To keep this hack from ever leaving Apple's premises, Apple would probably house its "hacking department" in a new, highly-fortified containment lab. In a court declaration, Apple lawyer Lisa Olle said the company would "likely" build "one or two secure facilities" similar to a "Sensitive Compartmented Information Facility."

Think: top-secret CIA compound.

Apple didn't provide any cost estimates, so CNNMoney consulted with licensed experts who build SCIFs. They said it would cost $25 million to build a new one. For two? That's $50 million.

The company says it would also spend "additional time" destroying every line of code in GovtOS -- and closely guarding any logs that led to its creation.
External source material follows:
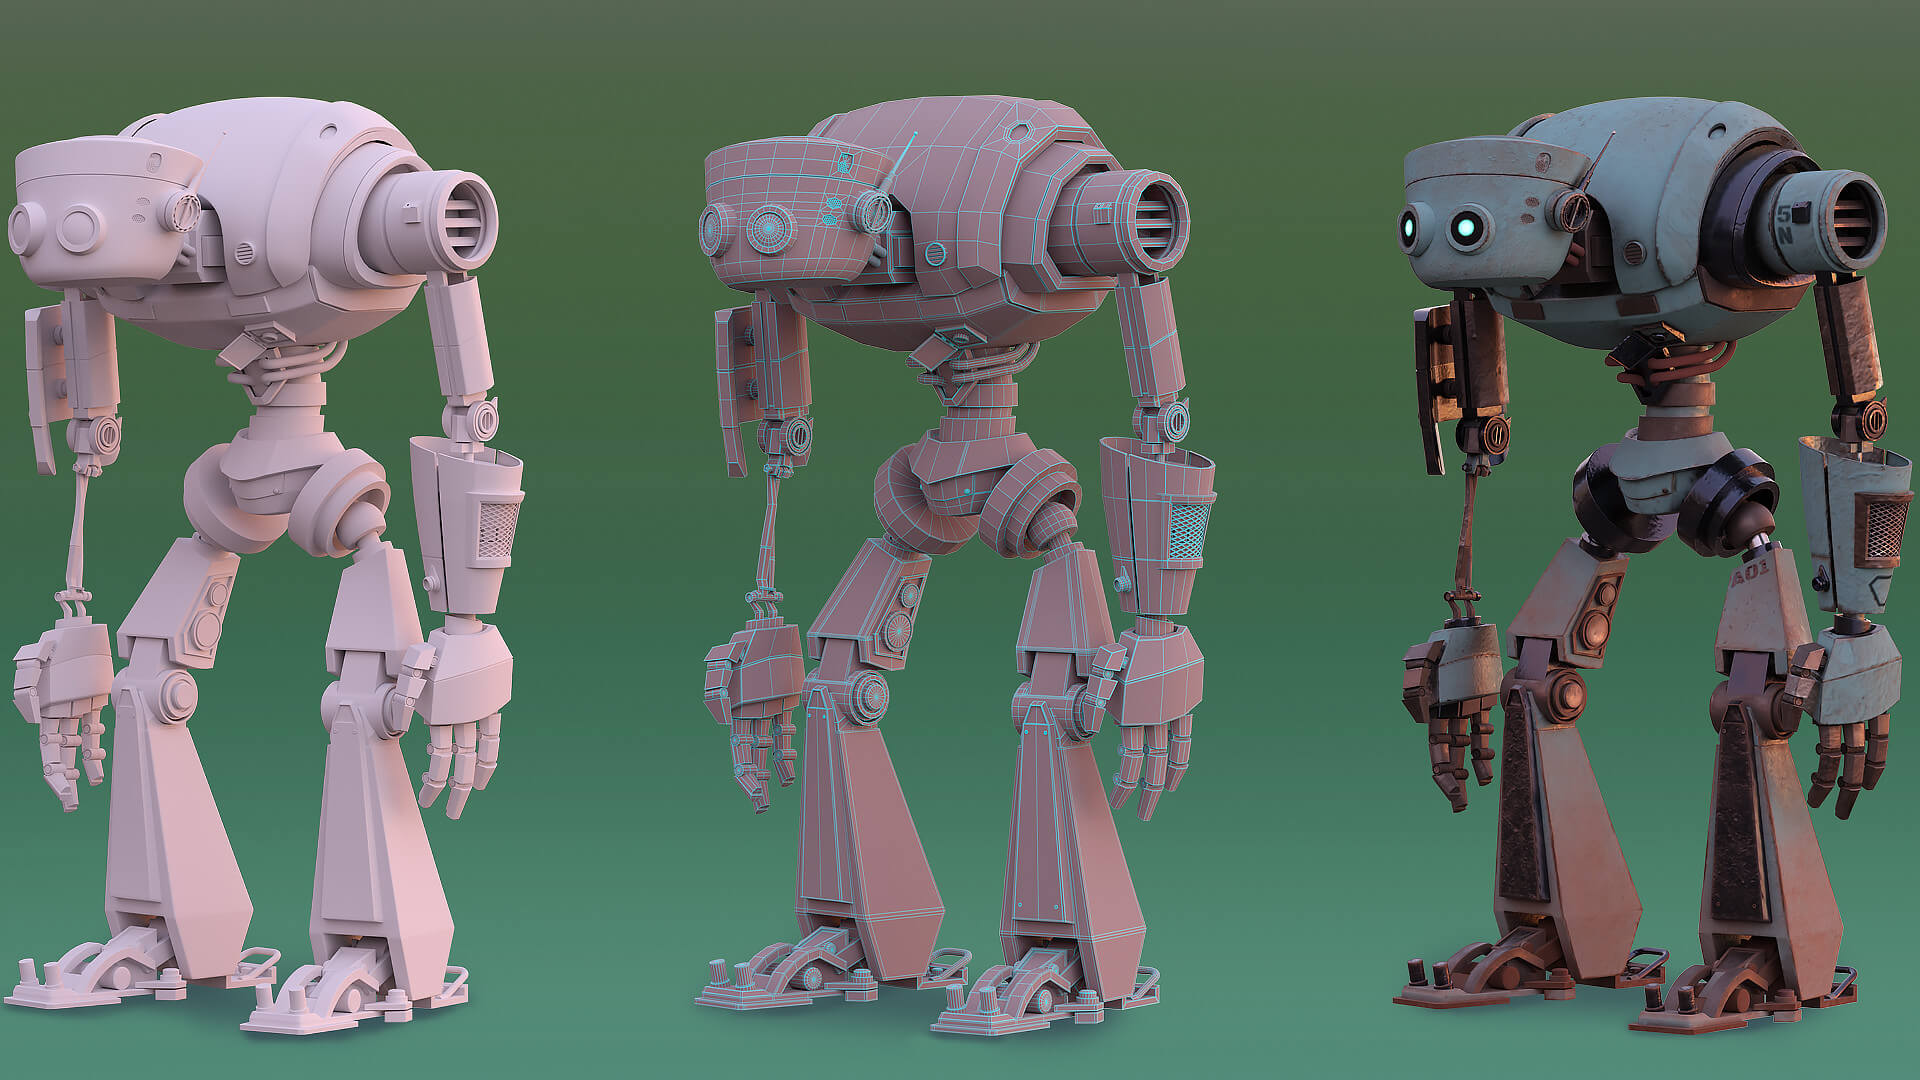 CG model of a robot in three stages of development

Apple didn't provide any estimates in its court filing.

But it's not just about dollars and cents -- especially when the U.S. government has already offered to reimburse Apple for every penny spent.

The major question is whether this would be a one-time effort for the FBI -- or, as Apple claims, new legal precedent that would trigger requests from law enforcement agencies all over the country.

Indeed, Manhattan District Attorney Cyrus Vance has said there are 175 criminal cases in which he would want to force Apple to help investigators unlock an iPhone as well.

In court documents, Apple says "the burden will multiply" if it has to destroy this malicious code and recreate it every time there's a request.

But this is a pithy numbers exercise. Apple's really fighting this case on civil rights grounds. It claims the Apple can't be "conscripted... to do the government's bidding" and make everyone's iPhone "crippled and insecure."